Livia pulled to the shoulder in the same spot Megan had skidded her car to a stop the other day when she fled Dr. Mattingly’s office. She listened to Megan tell the history of this abandoned development.

“Erected during the housing bubble,” Megan said, “Stellar Heights was meant to be the western expansion of East Bay. Big homes, wraparound porches, long half-circle driveways. So in came the bulldozers and pavers and back fillers. Up went this giant berm.”

Livia squinted through the windshield at the tall berm, covered by neglected trees and bearded with heavy weed growth that ran as far as her eyesight allowed. It encircled the Stellar Heights neighborhood.

“Up went the gates,” Megan continued. “Tall, black, cast-iron gates that would keep out the unwanted West Bay residents until they moved along, pushed out by wealthy expansion. In came the winding road meant to meander through the beautiful neighborhood. Seventy-nine custom homes were meant to fill this subdivision. Seventy-nine magnificent structures, each five thousand square feet. The builder managed to erect six before the housing bubble burst. No one was buying giant homes anymore. The credit crunch pinched all the people buying homes with the bank’s money. And when the banks stopped lending, the builder ran out of capital. So Stellar Heights, hidden from the world by the giant berm, was forgotten by all and sat abandoned for the last several years. Until a county ordinance a few months ago came through demanding the destruction of the six abandoned homes and the ghost town they sat in.”

Livia watched as Megan opened the passenger-side door and walked past the Stellar Heights sign and to the tall, black gate. Highlighted by the car’s headlights, Megan looked like a ghost floating toward the haunted town. She pushed the gates, which yawned open from the middle. The effect was dramatic and eerie, as if something sinister had just been released from within. Beyond the gates, through the mouth of the berm, blackness waited.

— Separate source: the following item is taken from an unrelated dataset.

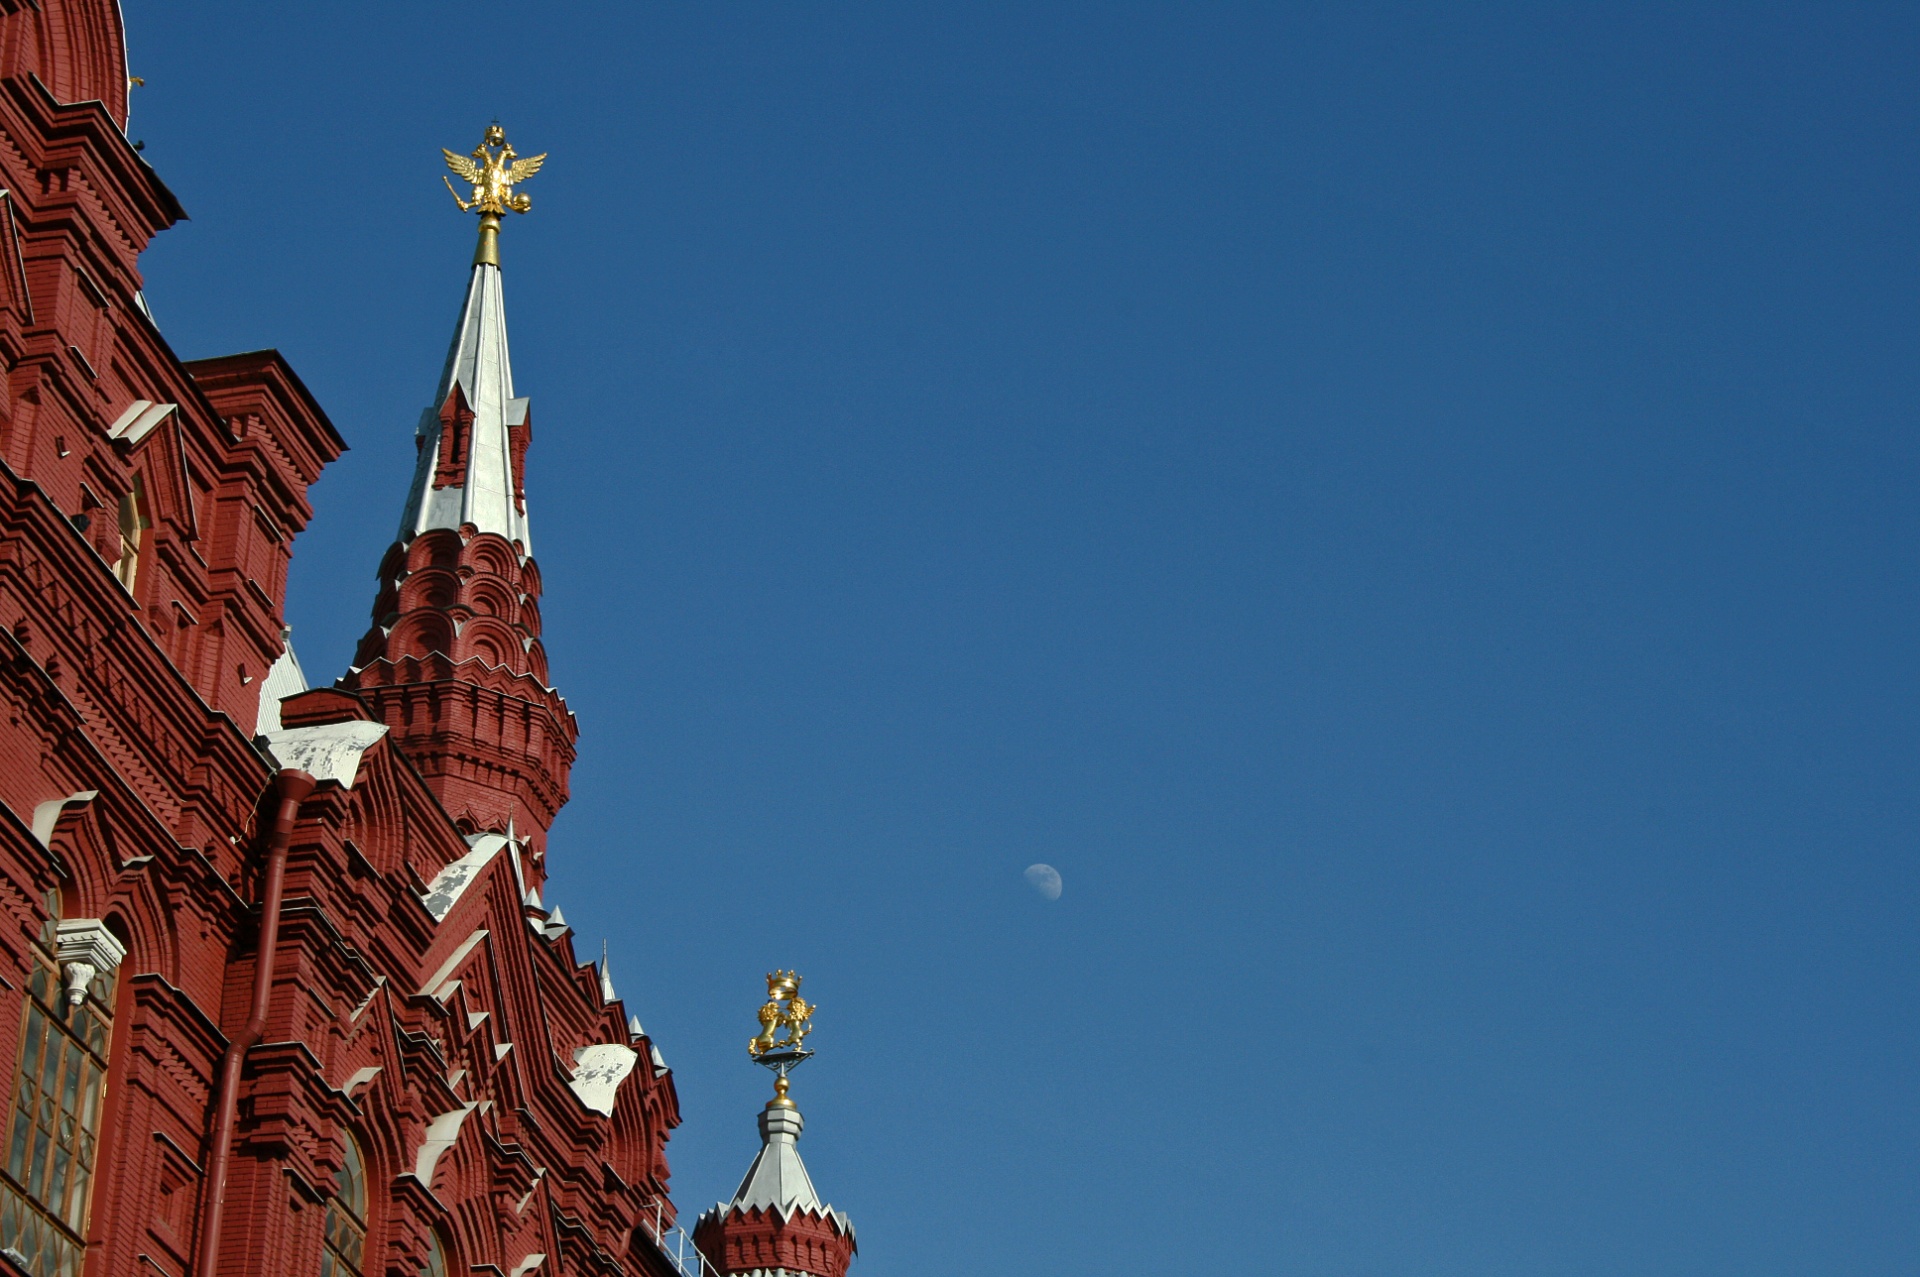 state history museum on red square with partial moon in blue sky in daytime, moscow

Megan sat back in the passenger seat and closed the door. “Let’s go,” she said. “I need to know for sure.”

“Megan,” Livia said. “Maybe we should call someone. Your dad, or someone to meet us here. If you think this is the place you were kept.”

“I don’t think. I know.”

Megan pointed forward, into the darkness of the abandoned subdivision. Livia thought of calling Kent Chapple to meet them out here. She knew he’d come in an instant if Livia asked. She thought of calling 911, but her mind stalled on what, exactly, she’d say was the emergency.

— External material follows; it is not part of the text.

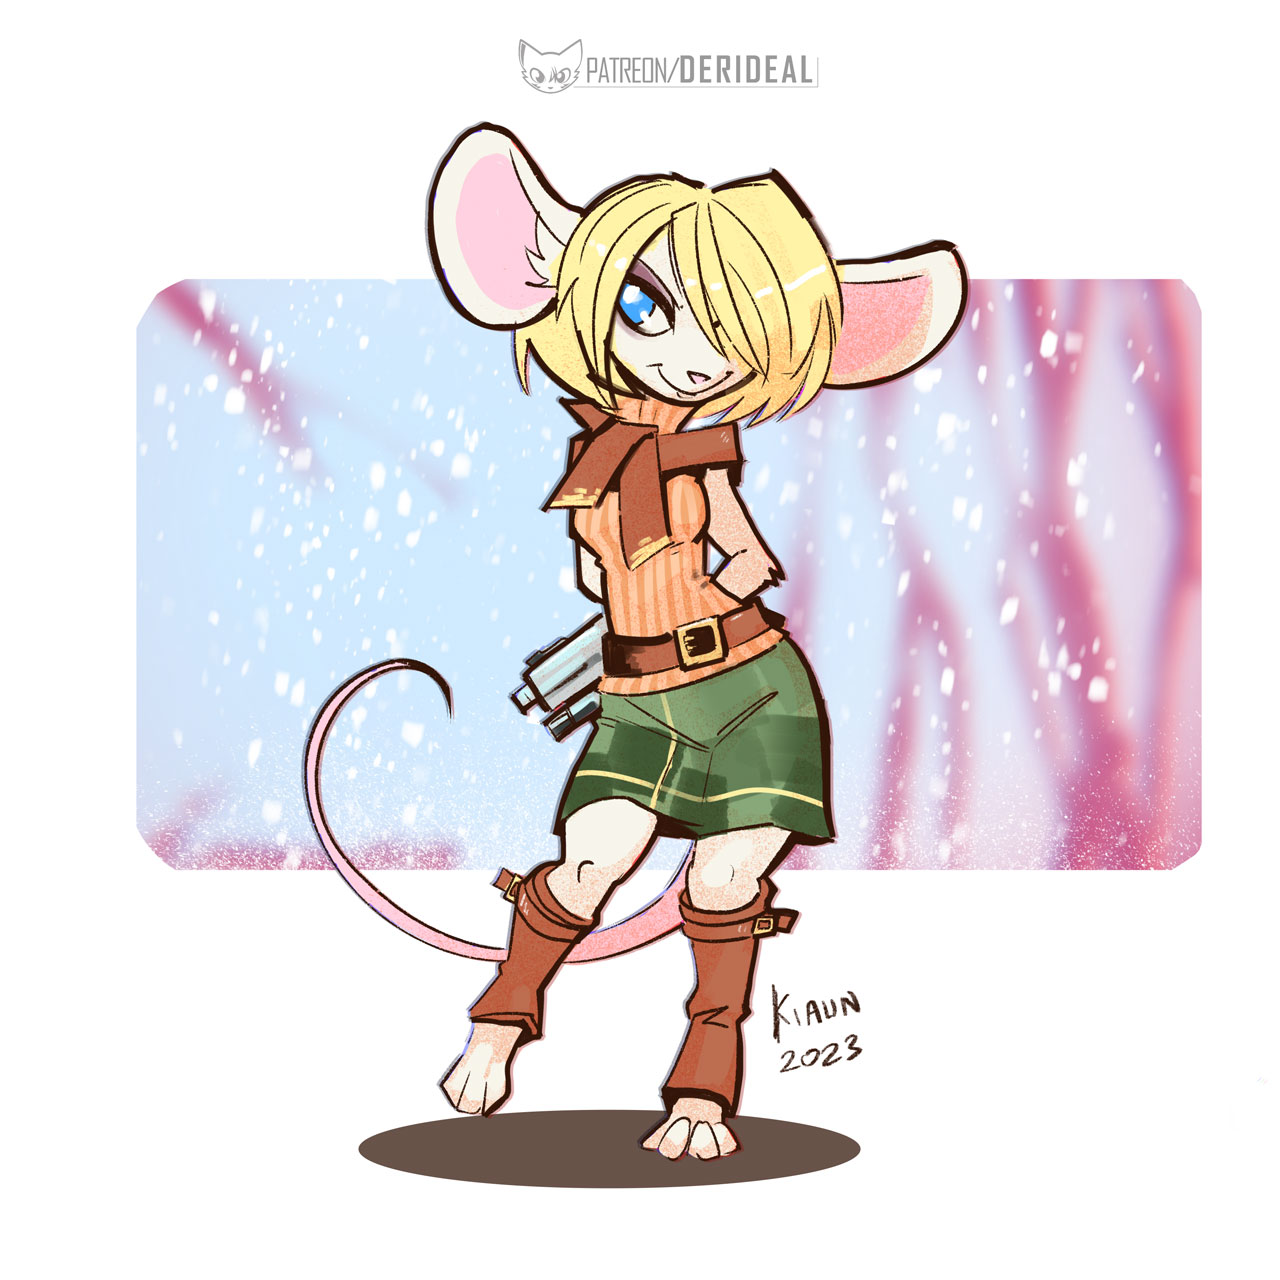 Mousley Ashley from resident evil 4 is mouse to meet you., Ashley Graham  as A Mouse (Moushly / Moushley)

After a moment, she released the break and they slowly drifted past the gates and into Stellar Heights.





CHAPTER 50


August 2016

The Night of the Abduction



Nicole followed Casey as he drove from the beach parking lot. An odd thrill filled her chest from what she’d just witnessed. She knew Megan McDonald, at this moment, was terrified. And it served her right. Everything in her life had been handed to her. There had never been anything to challenge her or derail the perfect cadence of her life from grade-school star to high school princess and soon to college genius and medical-school scholar and eventually a physician who saved the world. No one should get everything they want in life.

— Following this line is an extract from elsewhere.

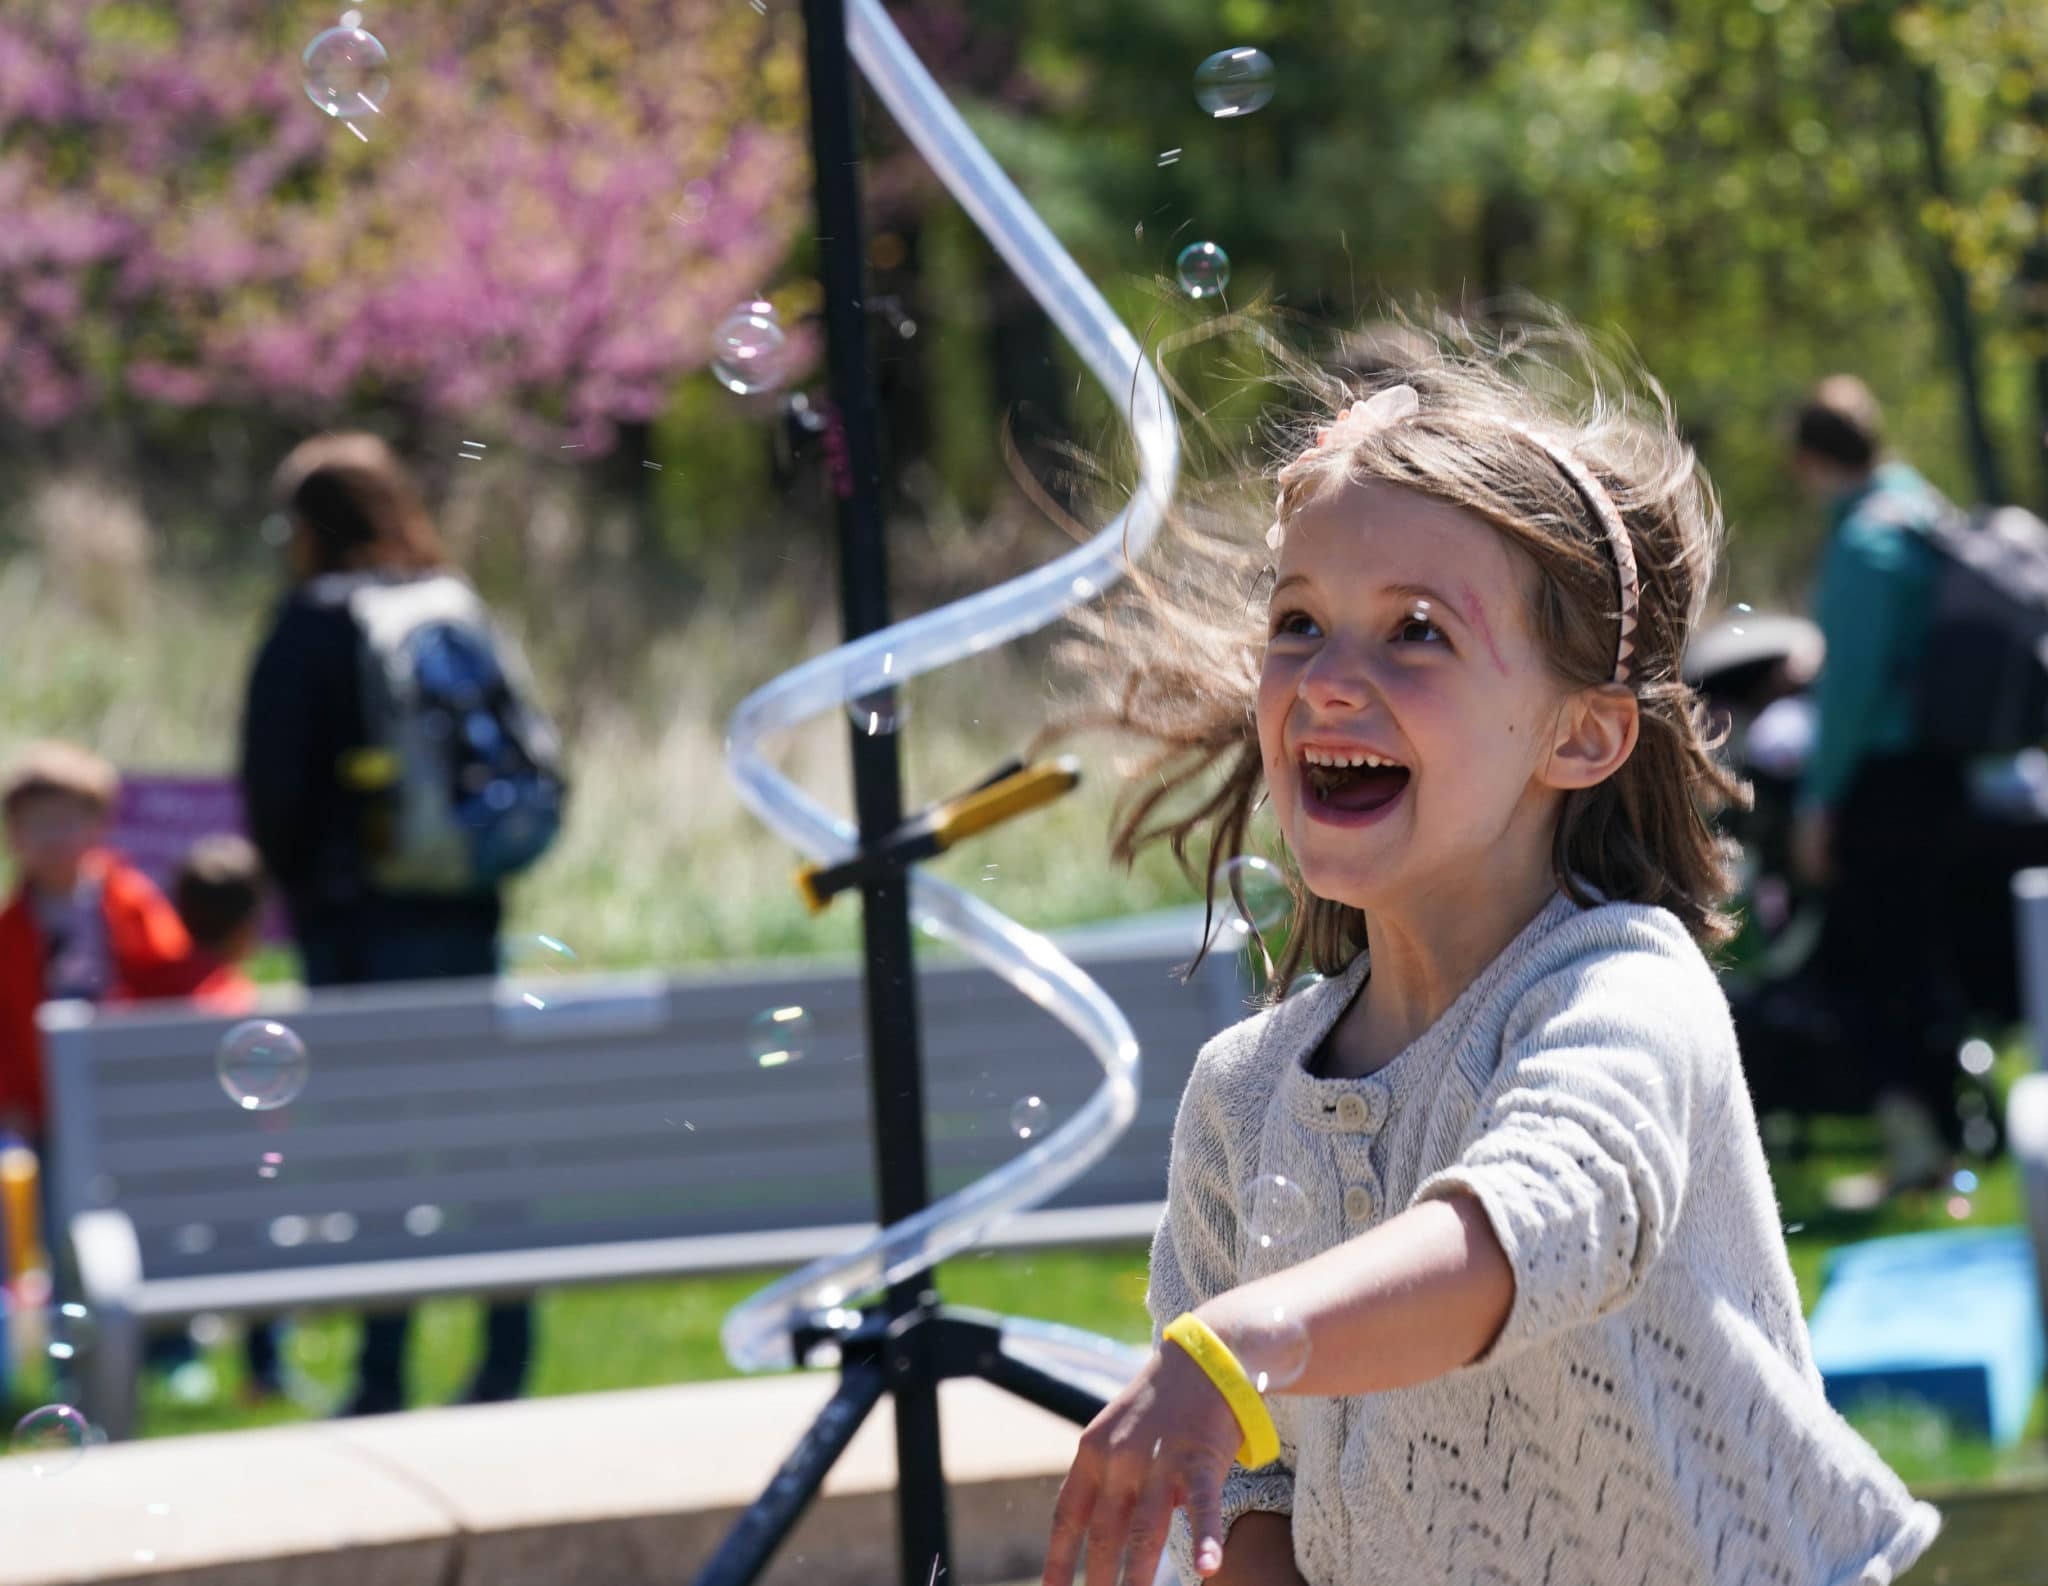 A girl playing with bubbles and smiling

So badly Nicole longed to be in Casey’s car, listening to Megan cry and plead. But they both agreed it was too risky. Surely, Megan would identify Nicole, even with the burlap over her head. Should Nicole talk or laugh, as she was certain to do, the ruse would be over. It was a better option to follow Casey to the old brewhouse where the club’s meetings had taken place. There, Nicole could watch from afar and muffle her laughs as Casey dumped her in the shed and slid the heavy latch down across the door. The same shed the club had used for Nicole’s initiation weeks before.

When they finally let Megan go, it would take the princess an hour to find her way out of the Cove, and though Nicole would never have the satisfaction of telling Megan she had been the one who organized the prank, she would certainly enjoy the aftermath. Matt could comfort her all the way to Duke.

“Where the hell are you going?” Nicole said to herself when Casey turned left at Junction Avenue and headed to the other end of West Bay. The old Coleman’s Brewery building was in the other direction.

She picked up her phone and called him. He didn’t answer.